Many college football coaches harp on a "24-hour rule" after big victories, which allows their players to celebrate for a set period before refocusing on the next challenge.
The Chattanooga Lookouts can relate to that.
Chattanooga was extended an invitation this week to remain as the Class AA affiliate of the Cincinnati Reds, resulting in both joy and relief locally after the Lookouts had been mentioned for more than a year as a potential casualty of Major League Baseball contraction. Yet MLB has made it clear those hitting and pitching their way through the minor leagues need the nicest facilities possible, and AT&T Field isn't getting any younger.
"They're going to come out with new facility standards," Lookouts president Rich Mozingo said. "They're going to come out with how many lockers are expected to be in a locker room, and what the size of the visiting clubhouse should be. They will let us know how many lockers there are supposed to be for the roving instructors.
"In most of those areas, we're going to fall short. I'm sure there is going to be a grace period of some sort, but it's going to have to be addressed."
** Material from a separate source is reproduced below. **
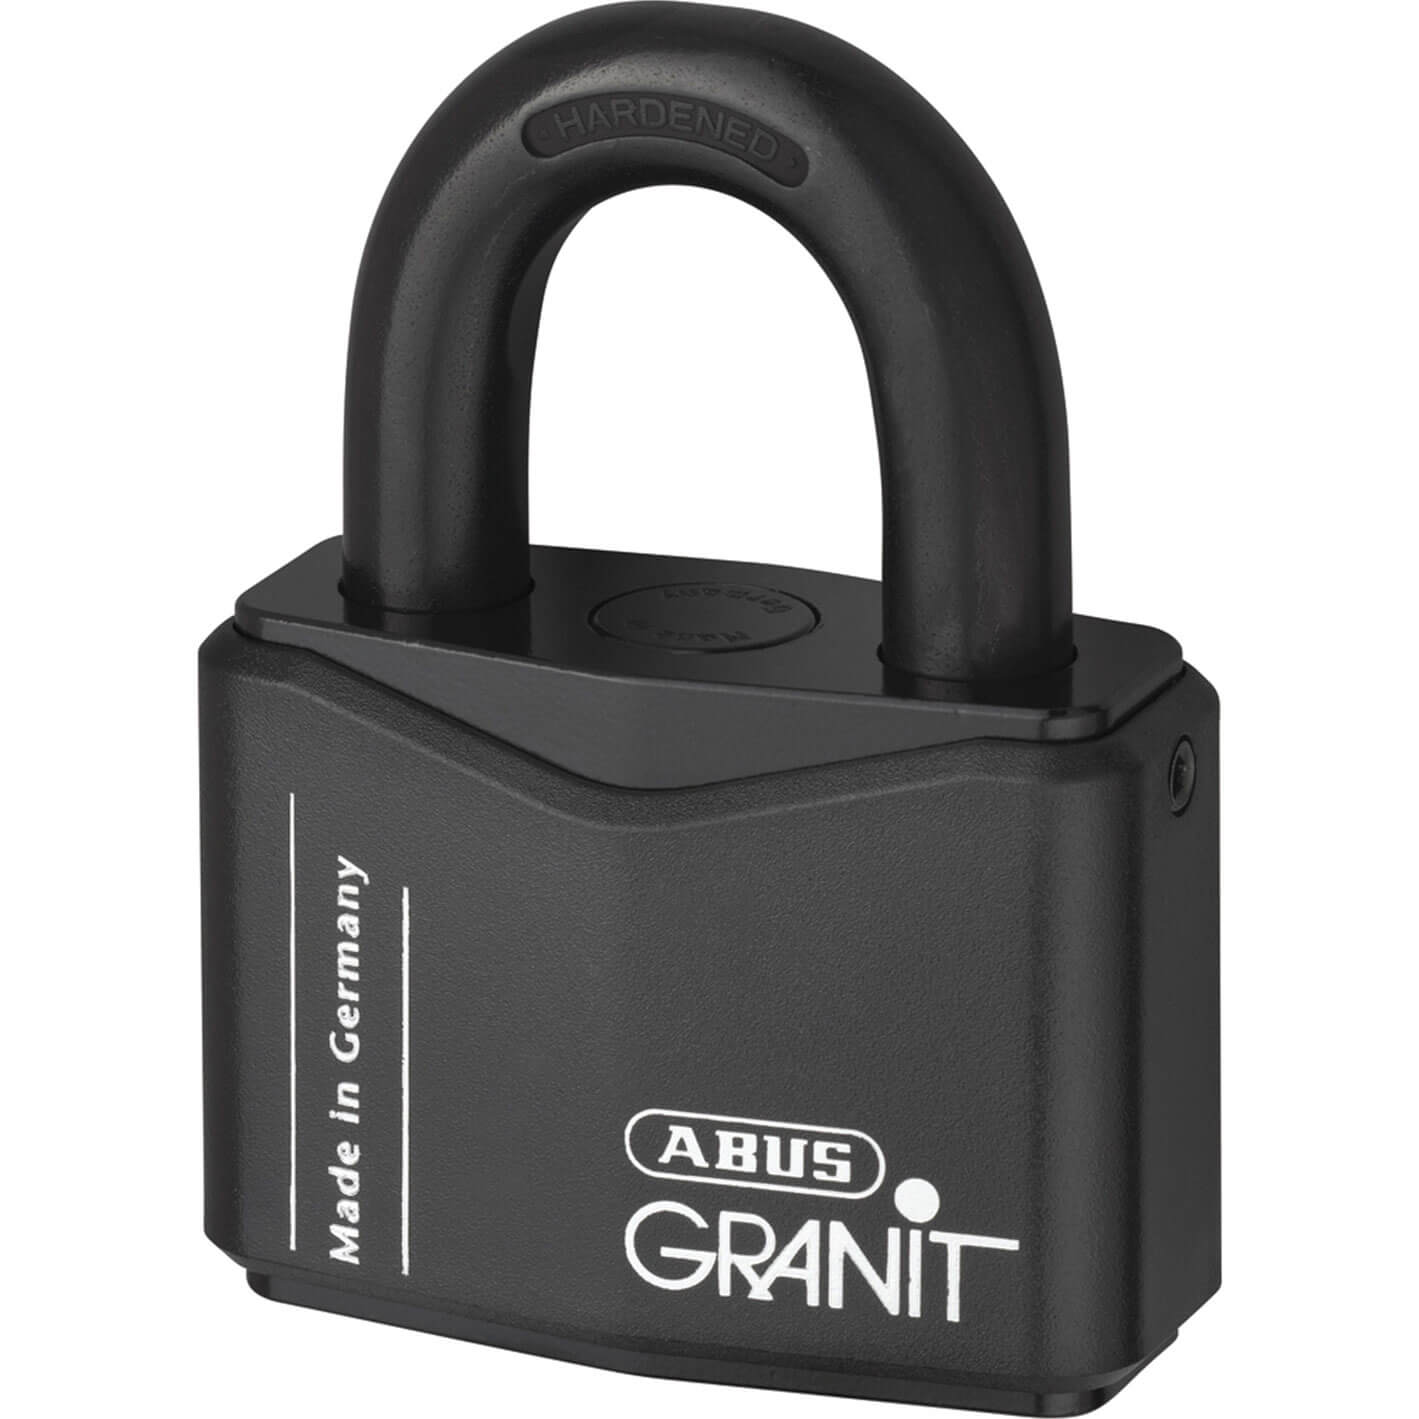 Abus Granit Plus Padlock 70mm Standard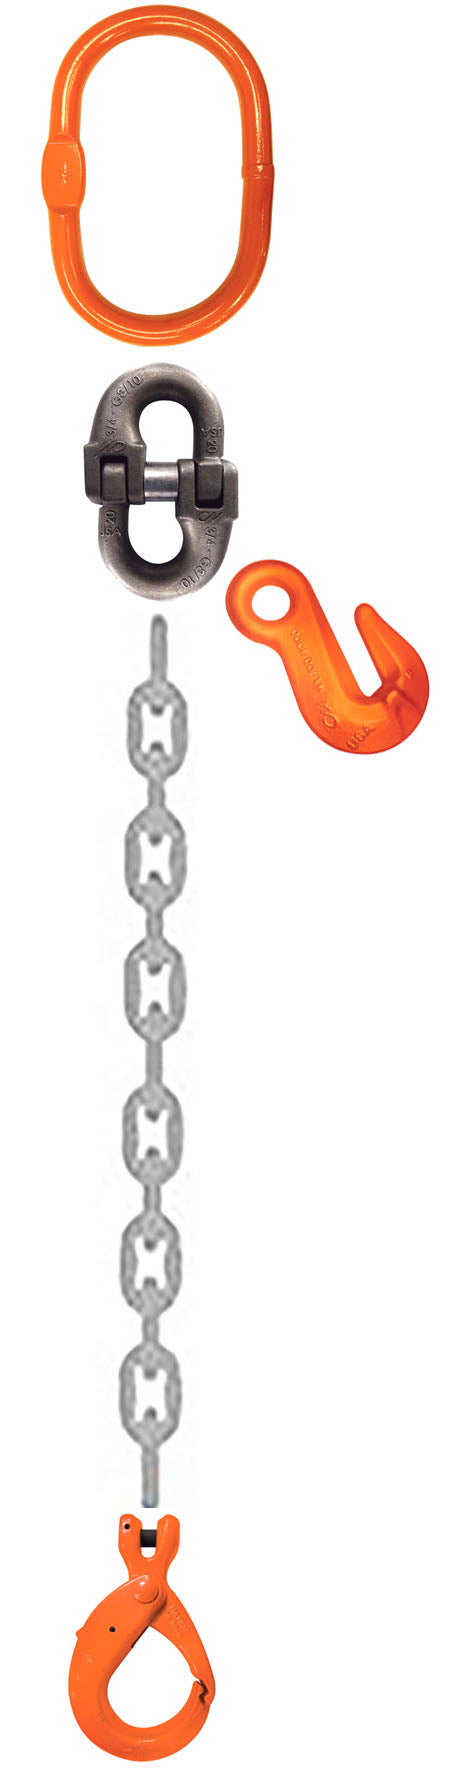 CM Grade 100 SOL 1 Leg Adjustable Type A Chain Sling - Clevlok Latchlok Hook

AT&T Field was privately funded for $10.2 million through former Lookouts owner Frank Burke and two other business partners, including his father. It opened in 2000 with an exhibition game between Cincinnati and the Baltimore Orioles, which was preceded by ceremonial first pitches from the late George and Barbara Bush.
The Lookouts led the Southern League in attendance in 2002, a remarkable feat given the larger markets in the league such as Birmingham, Alabama, and Jacksonville, Florida, but newer and more expensive stadiums in the years since have left the 6,340-seat facility outdated.
"When Frank built the ballpark, he built it on a really small piece of property on top of a hill in the middle of Chattanooga," Mozingo said. "That was by design, but if they came in and said our locker rooms need to be 700, 800 or 900 more square feet, unless you build a deck, there is nowhere to go. We are very landlocked at AT&T Field.
"While I think there are some things that we can address, none of us will know until we get the standards from MLB what we're going to be facing to make it in compliance with what they need."
Lookouts co-owners Jason Freier and John Woods already have proposed a new park mostly funded by taxpayers at the 141-acre former U.S. Pipe/Wheland Foundry site. This year's outbreak of the coronavirus and the accompanying financial hardships halted momentum for such a venue, but it's possible that MLB could want to see at least a timetable for a new Chattanooga home or else find the Reds a new location for their Double-A club.
Until that time comes, as much as $3 million could be spent on AT&T Field enhancements.
"Construction is on the horizon one way or another for us," Mozingo said.